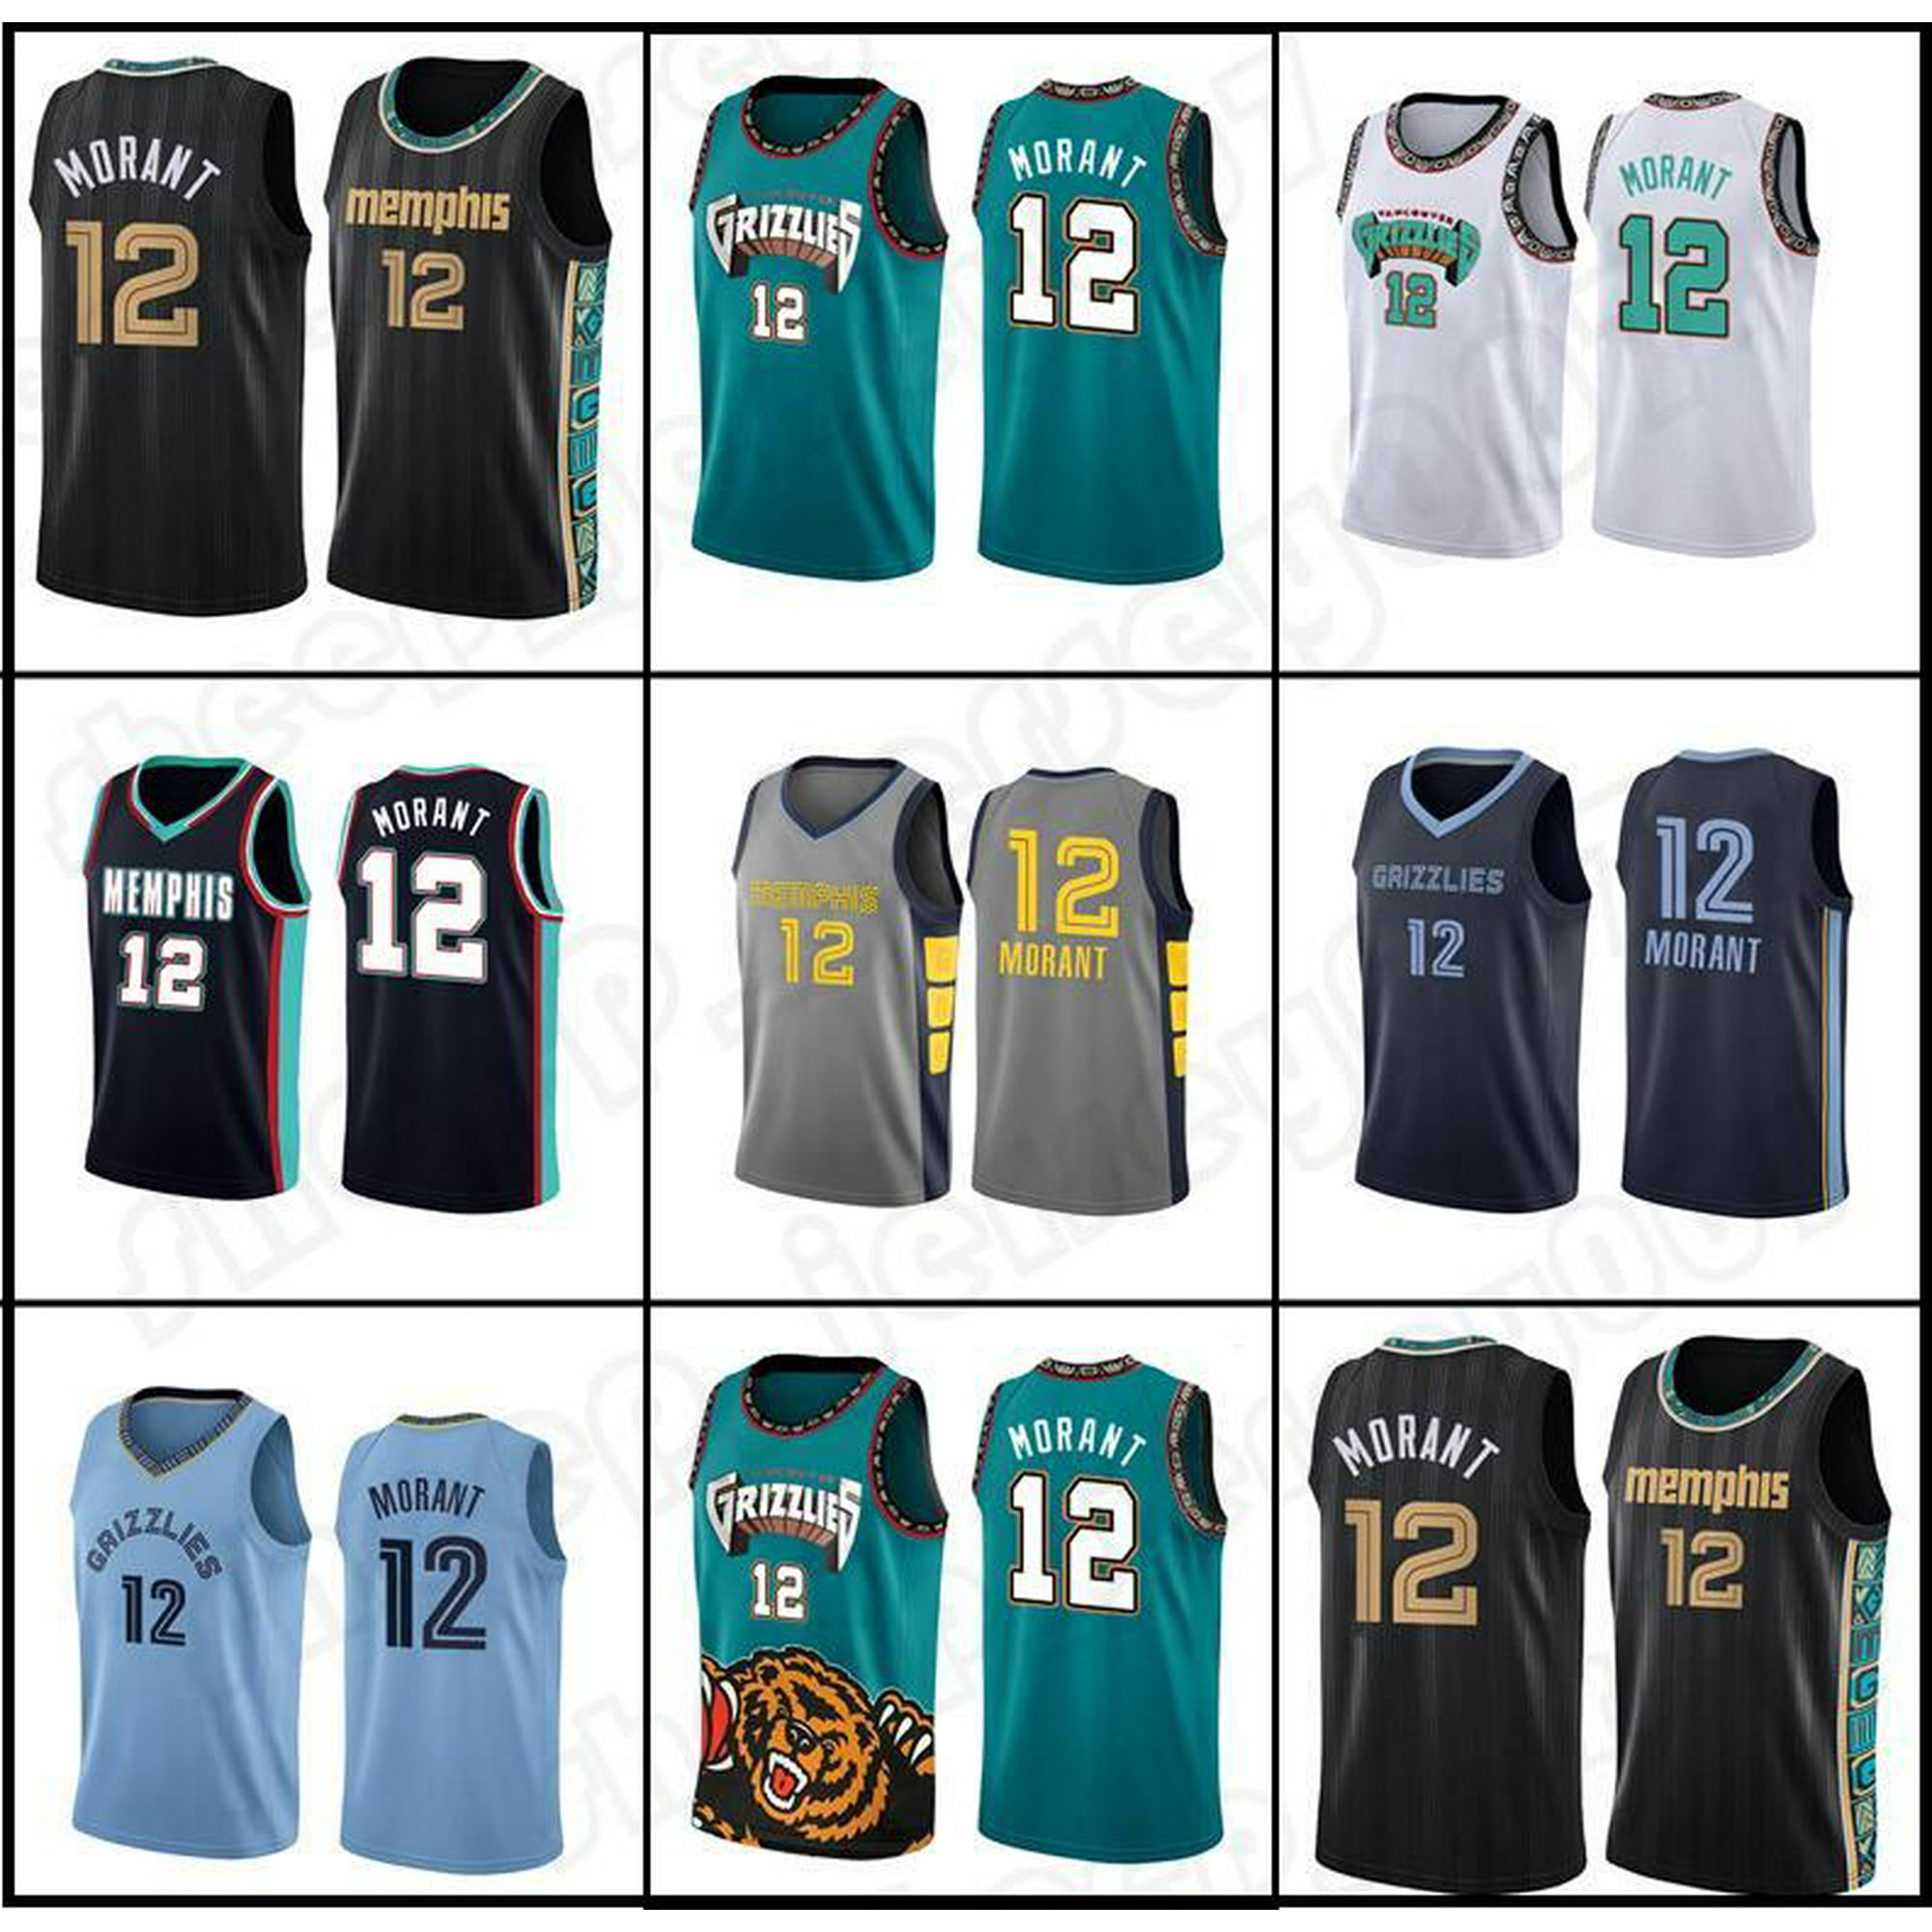 Shop New Arrival Basketball Jersey Sando Grizzlies with great
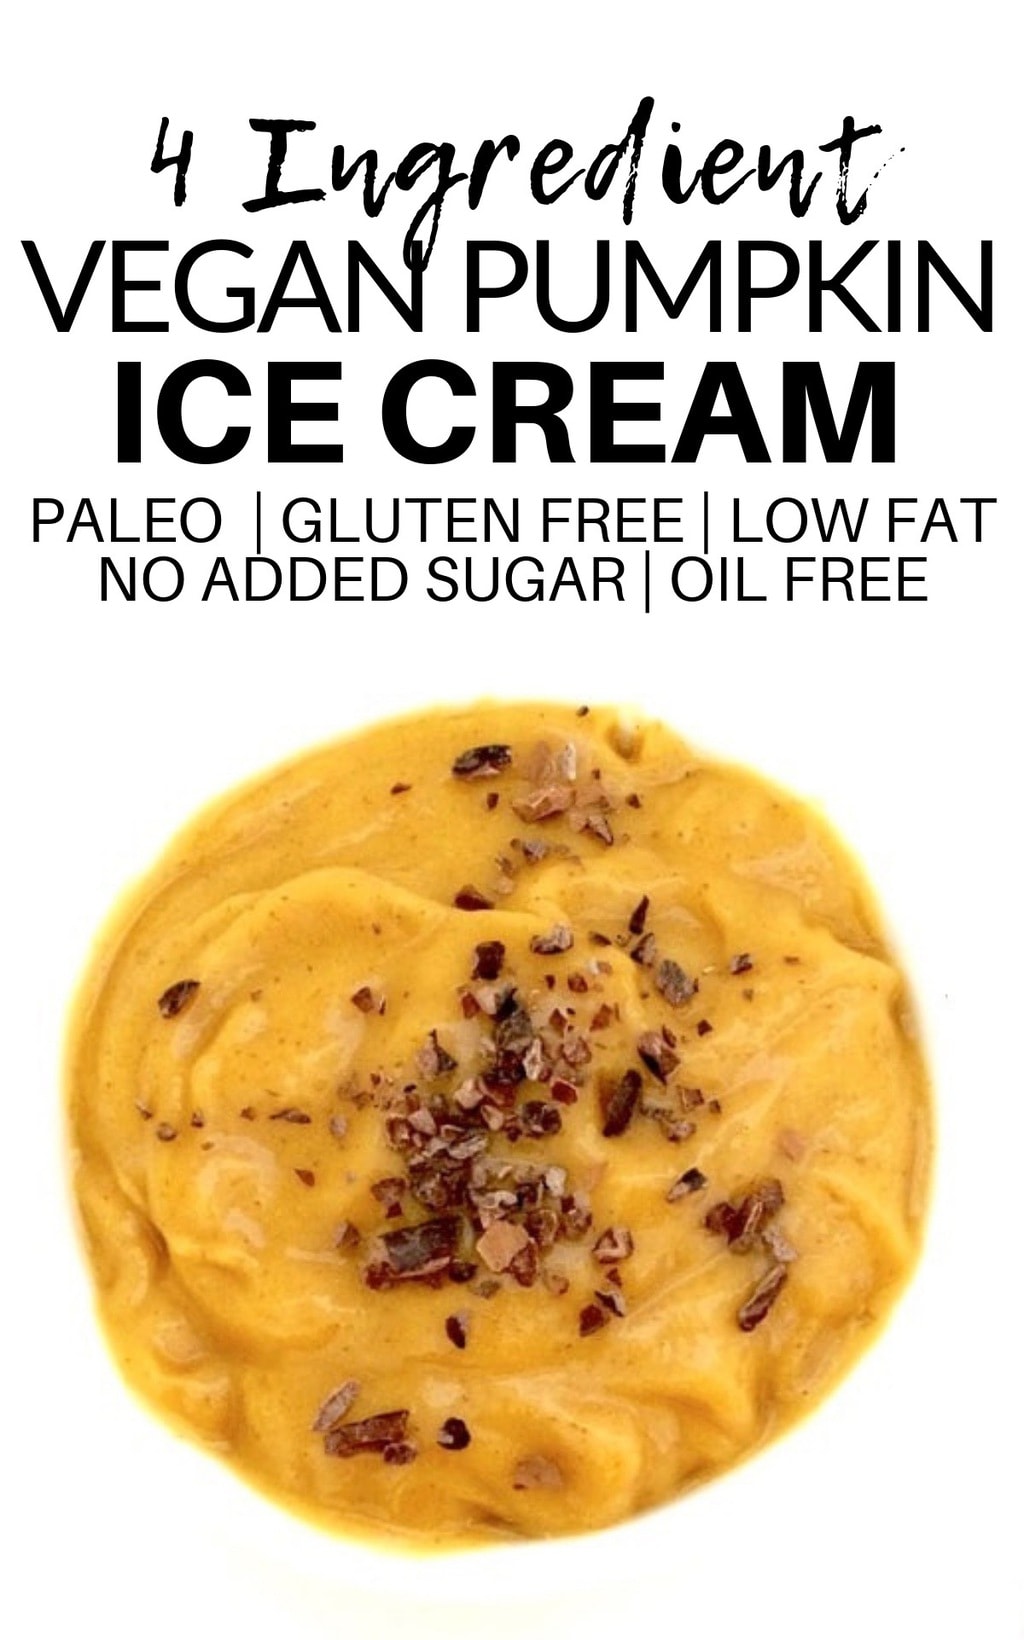 This healthy Vegan Pumpkin Ice Cream (aka "nice cream") is totally delicious and perfect for Fall! It's also paleo, gluten-free, and contains no added sugar. Only 4 ingredients, no churn & made in the blender!
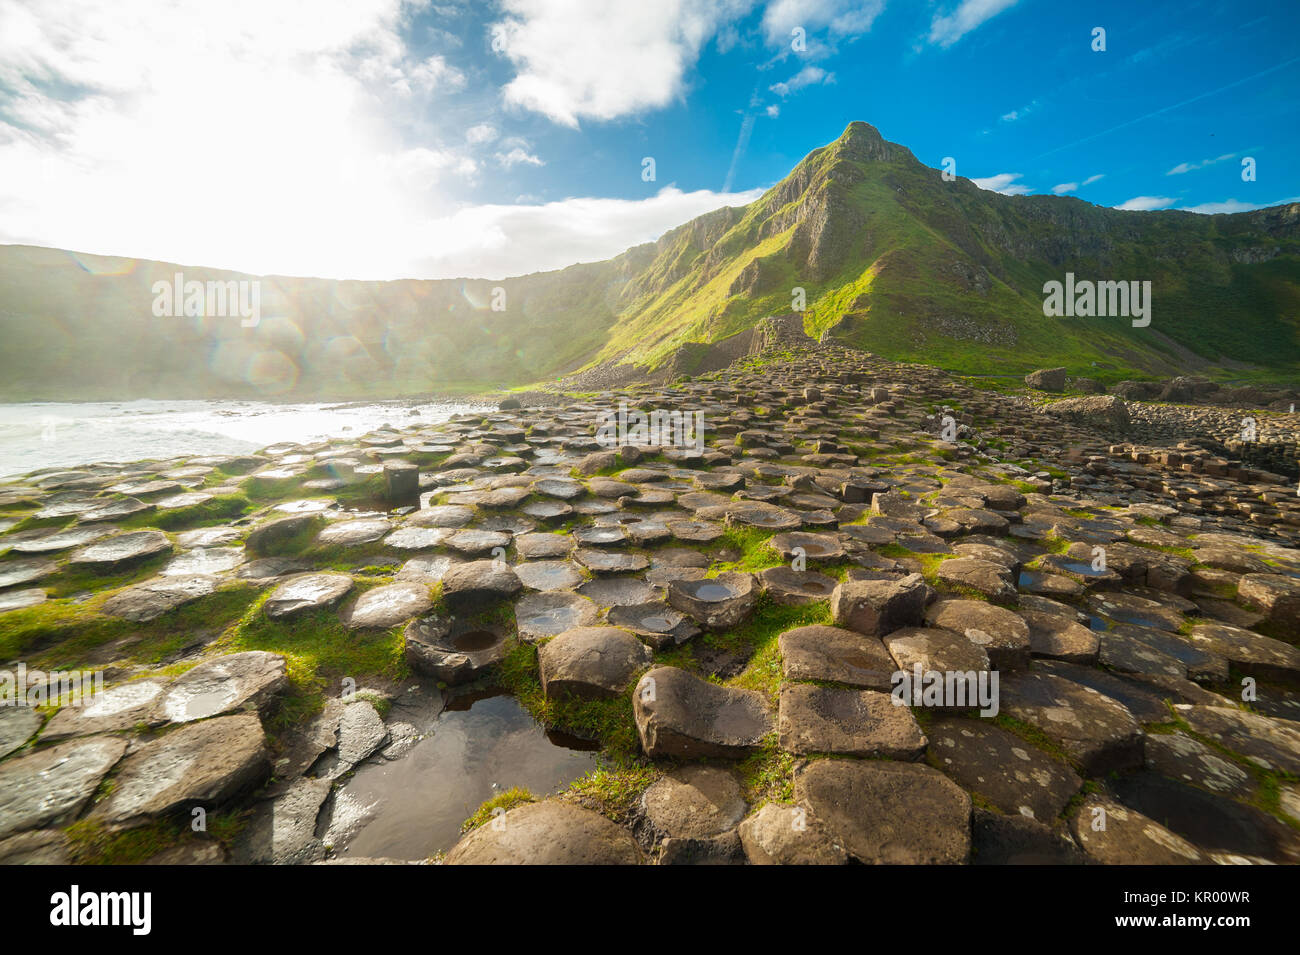 The Giant's Causeway at dawn on a sunny day with the famous basalt columns, the result of an ancient volcanic eruption. County Antrim on the north coa Stock Photo
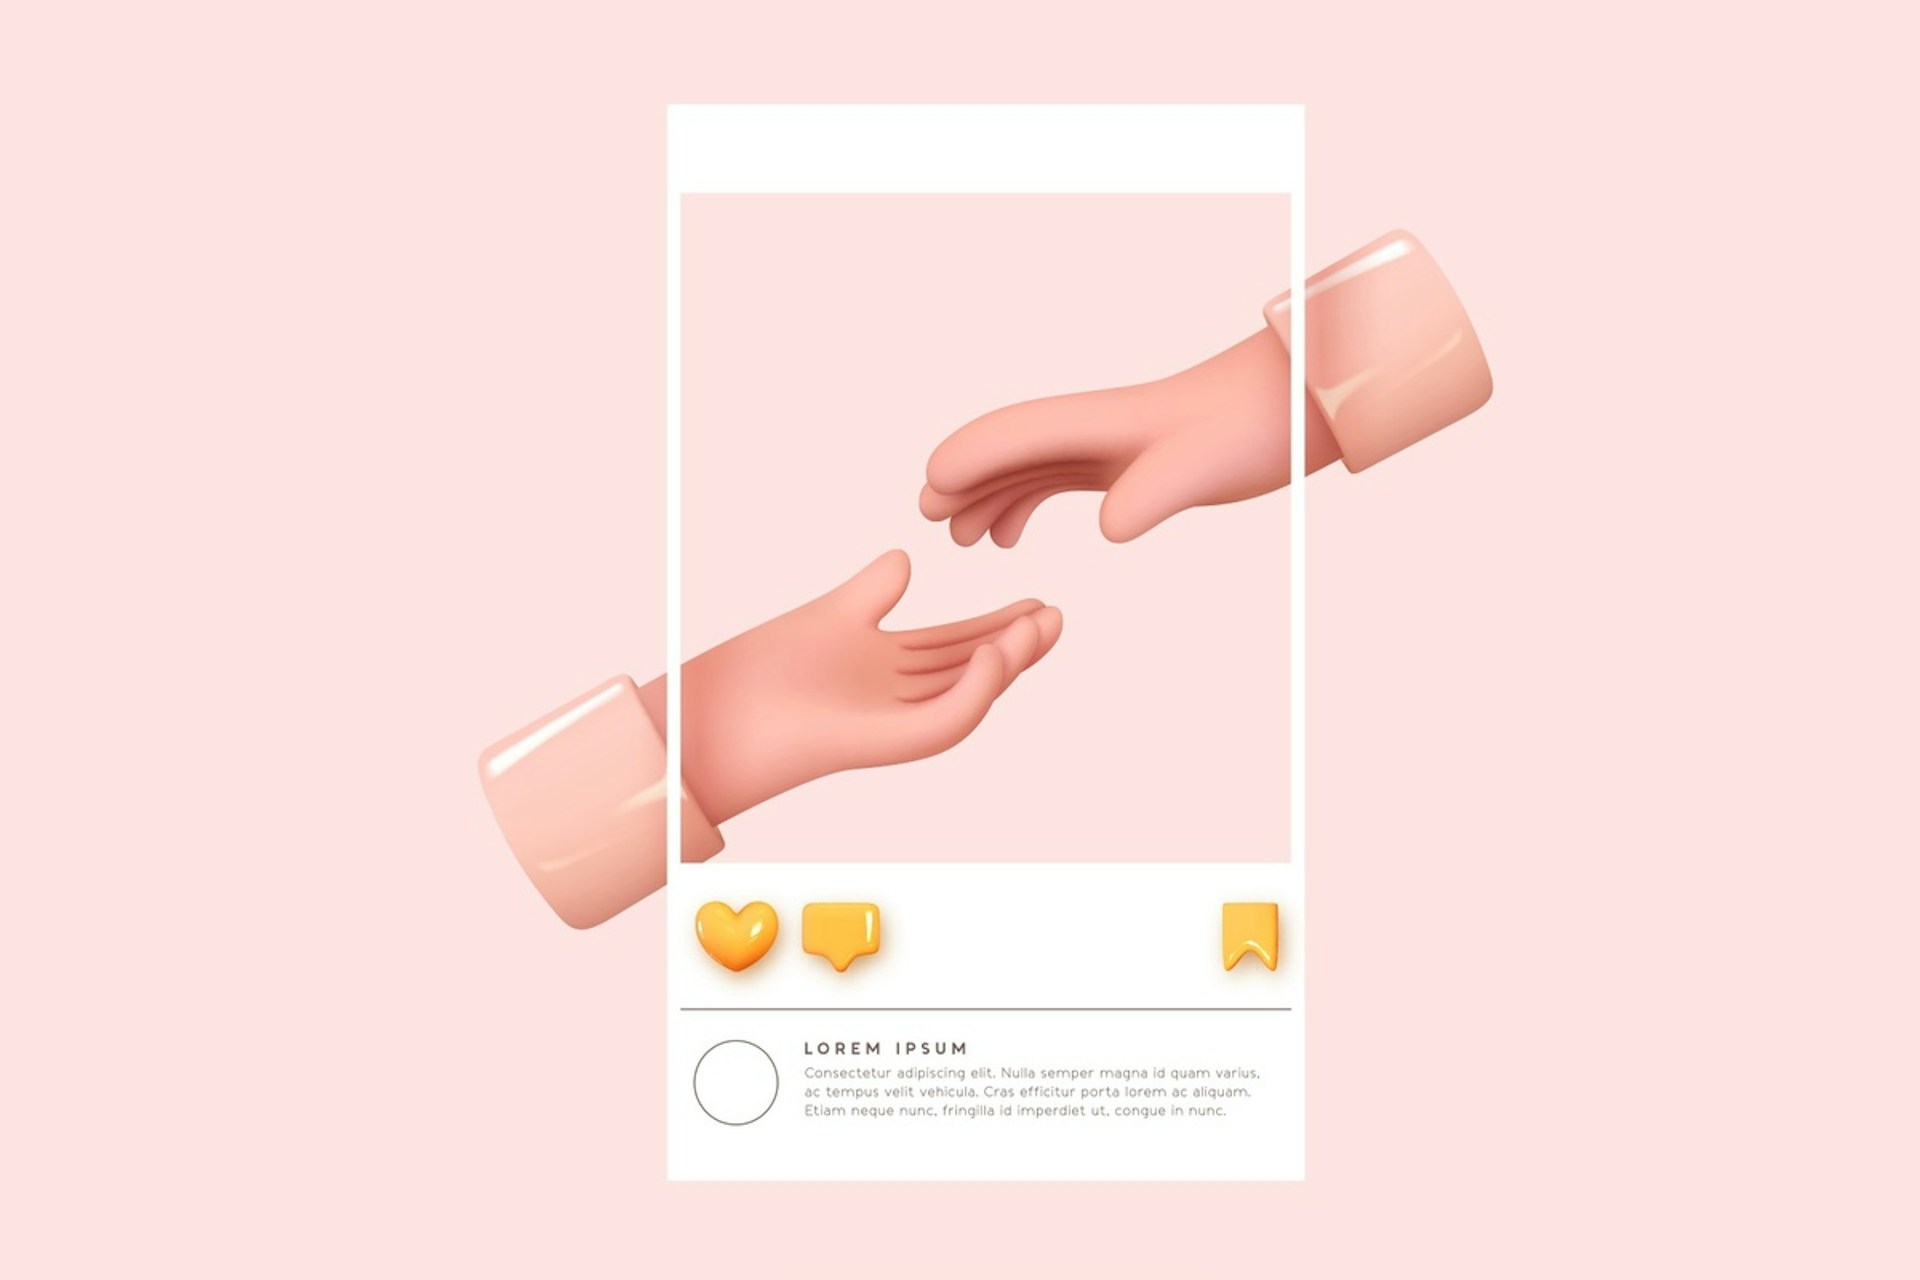 Two hands reaching out to one another in a social media post.

• WHAT YOU HAVE TO DO:
Return all of the material precisely as written. No picture belongs in it.

• TASK RESULT:
 Shop New Arrival Basketball Jersey Sando Grizzlies with great
 This healthy Vegan Pumpkin Ice Cream (aka "nice cream") is totally delicious and perfect for Fall! It's also paleo, gluten-free, and contains no added sugar. Only 4 ingredients, no churn & made in the blender!
 The Giant's Causeway at dawn on a sunny day with the famous basalt columns, the result of an ancient volcanic eruption. County Antrim on the north coa Stock Photo
 Two hands reaching out to one another in a social media post.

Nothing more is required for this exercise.